How to calculate what % faster $x$ is than $y$ I recently automated a process at work. The manual process took $16$ hours ($960$ minutes). The automated process only takes $7$ minutes. How do I calculate how many times faster the new process is? I'm hoping for a formula so that I can apply the same math to many similar scenarios.
 A: All you have to do is calculating $\frac{960}{7}$, wich is around $137.14$
So your new process is $137$ times faster (or in percentage: $13714\%$)
A: Let $P_M$ stand for time taken in the manual process and $P_A$ stand for time taken in the automated process. Let us agree to use minutes as the unit of time. Therefore $P_M = 960$ and $P_A= 7$.
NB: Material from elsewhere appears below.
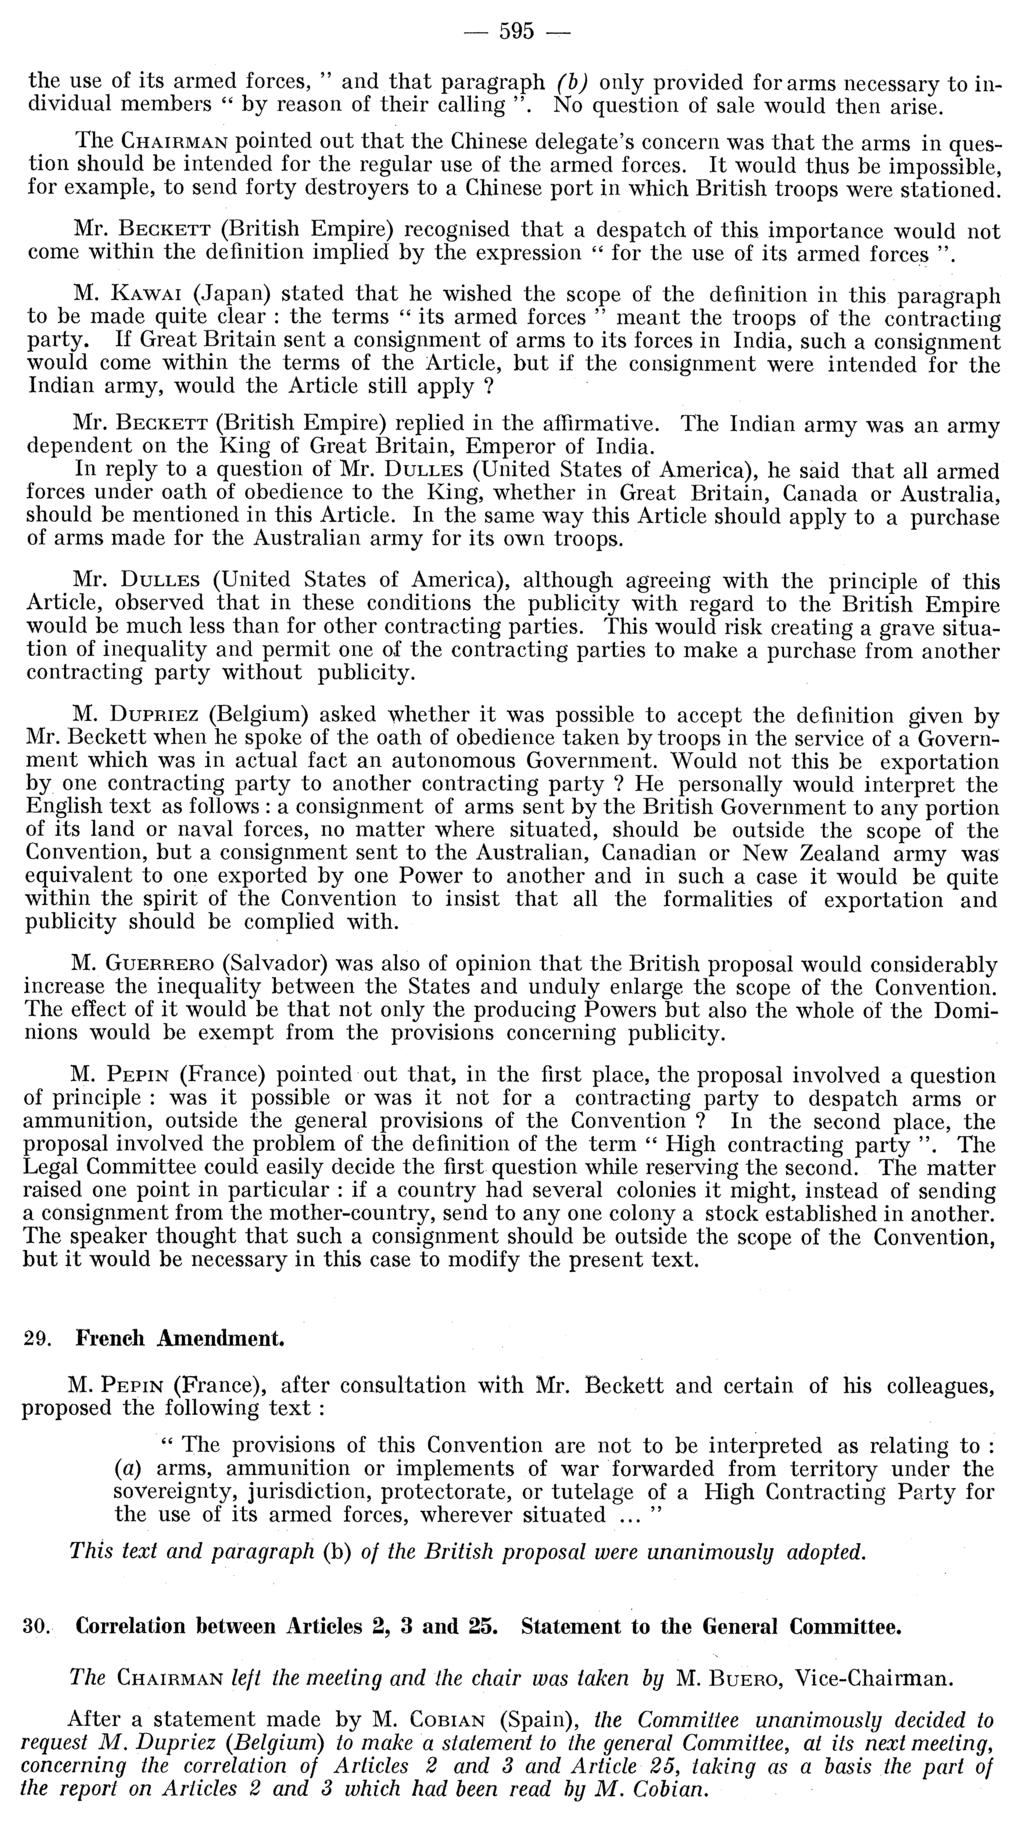 595 the use of its armed forces, " and that paragraph (b) only provided for arms necessary to individual members "by reason of their calling ". No question of sale would then arise.

To find how many times faster is the automated compared to the manual, write a ratio: $\frac {P_M}{P_A}$. Substitute the values in for $P_M$ and $P_A$.
So:
$$\frac {P_M}{P_A} = \frac {960}7$$
Therefore, $\frac{960}7$ is the the ratio of the manual time and the automated time, and hence the automated time is $\frac{960}7$ times faster, or approximately $137$ times faster.
To express this into a percent, note that $100$% faster means double the speed, $200$% faster means triple the speed, and so on.
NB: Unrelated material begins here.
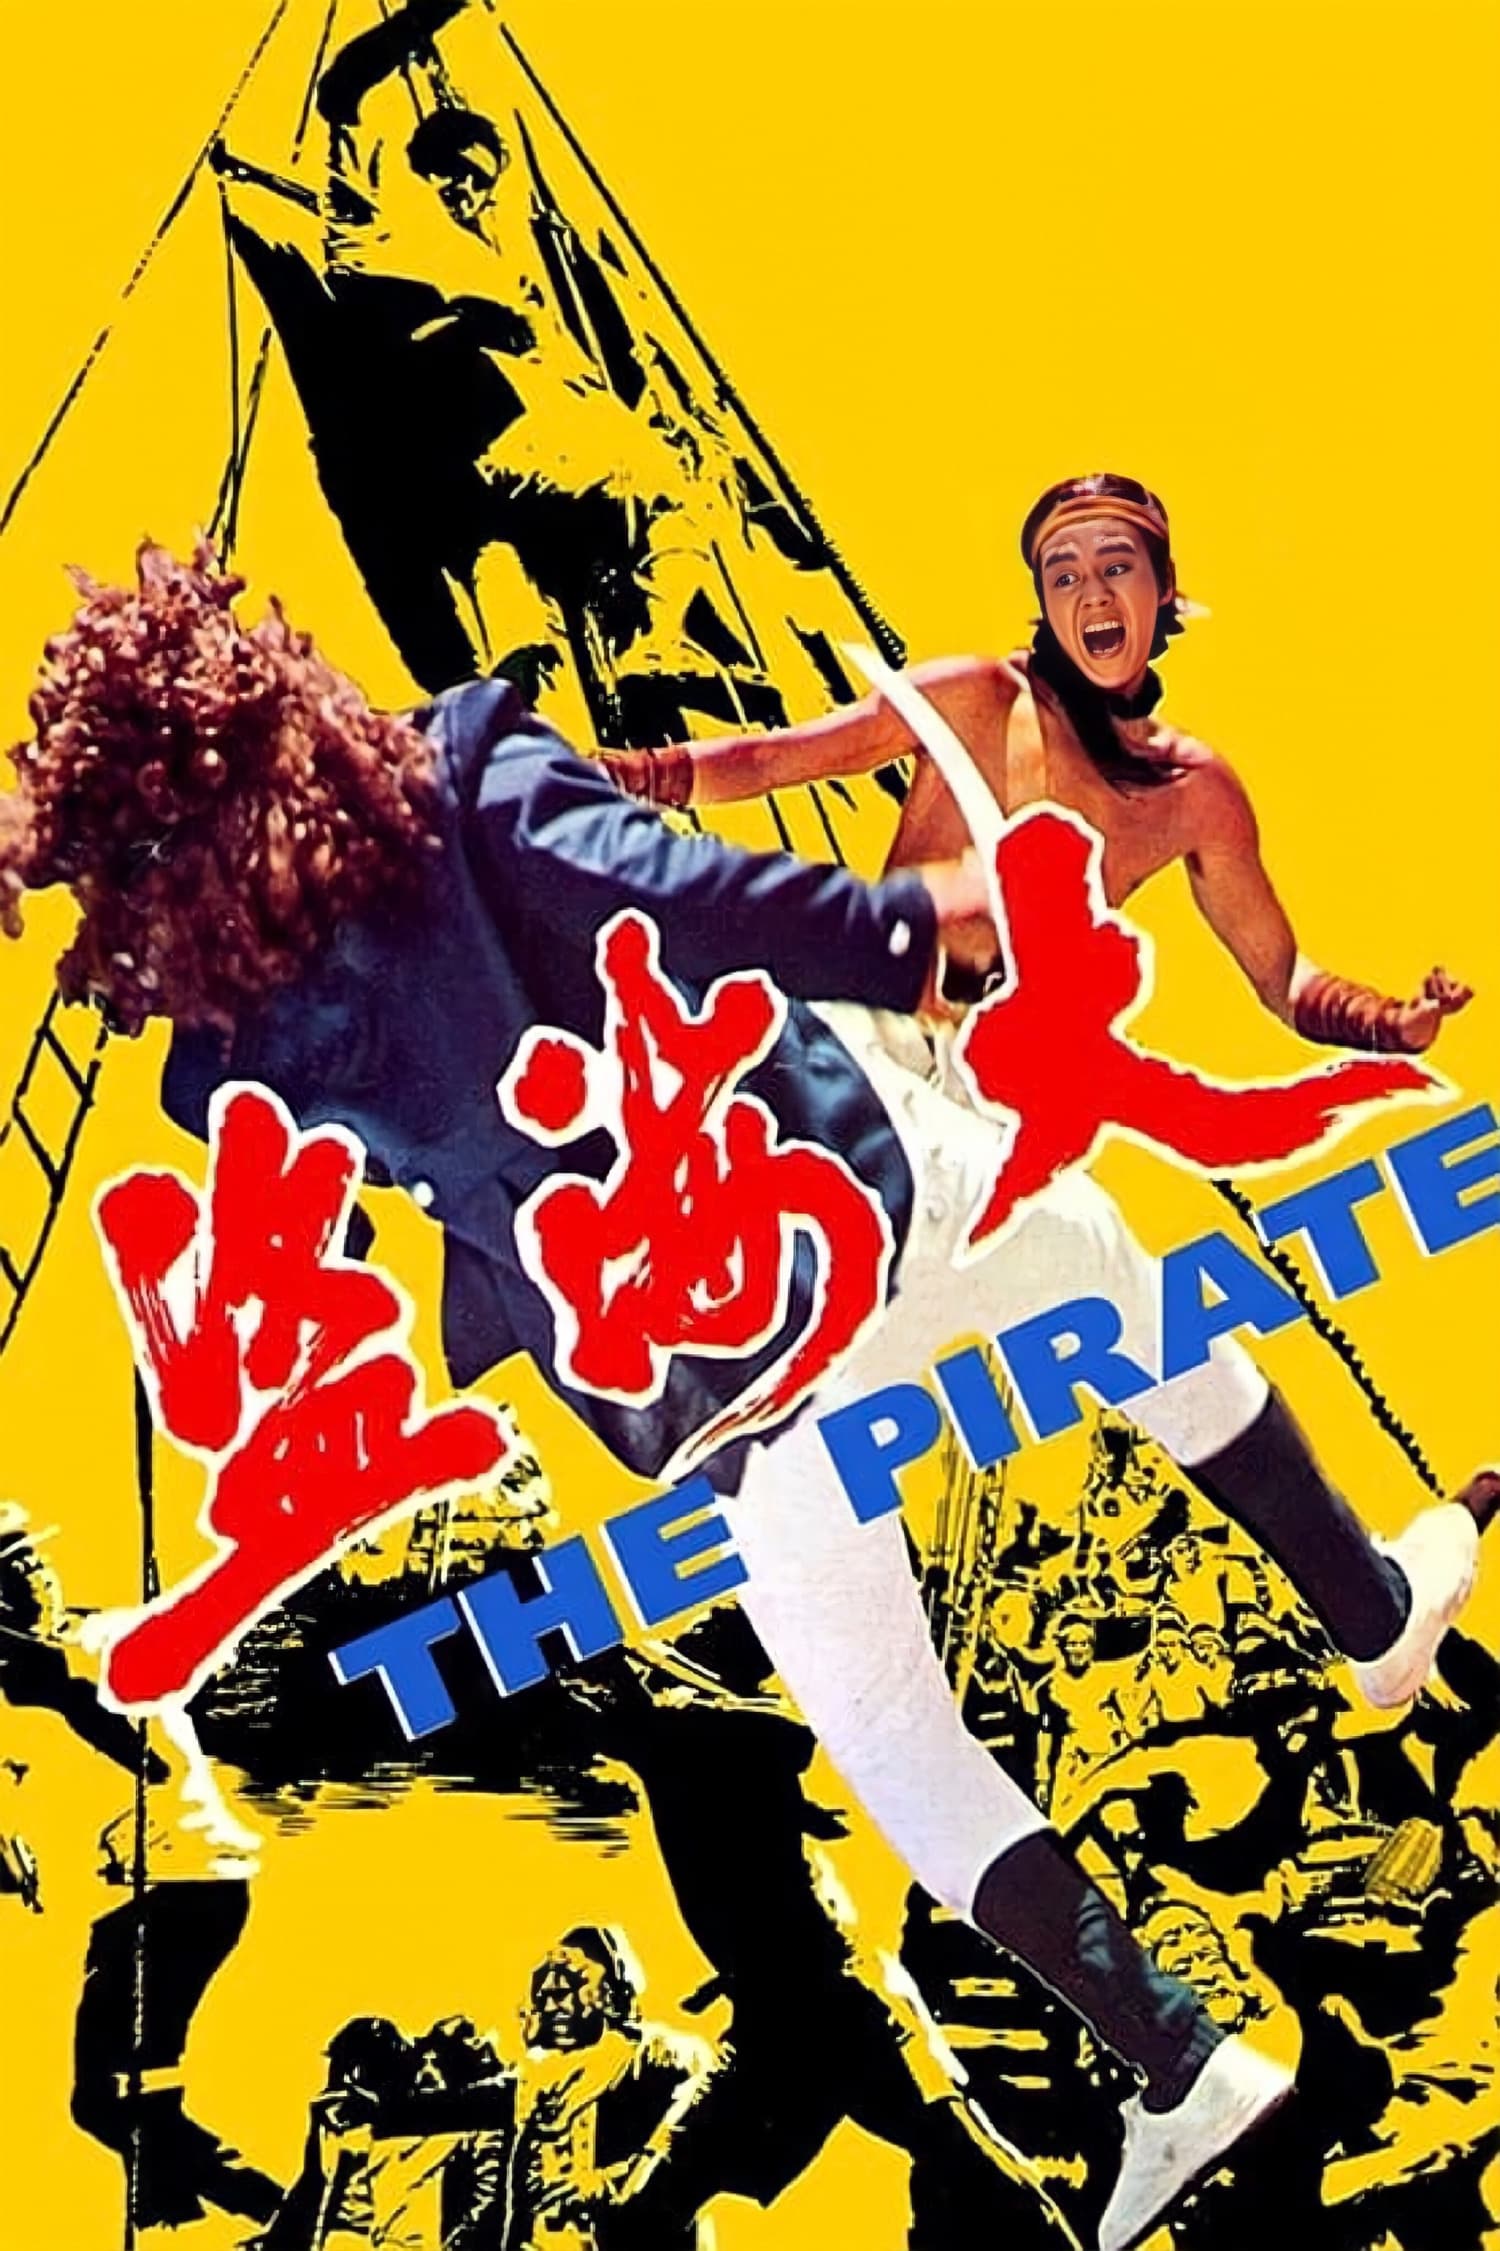 The Pirate (1973)

So, $137$ times faster will be $13800$% faster.
A: All you have to do is to subtract from the 960 minutes the 7minutes and the divide the result by 7. Finally multiply the outcome by 100.
The formula is (X-Xn)/Xn*100 , where X in the manual time spent and Xn is the improved duration.
In your example it seems that the automated procedure resulted in 13614.29 % faster results.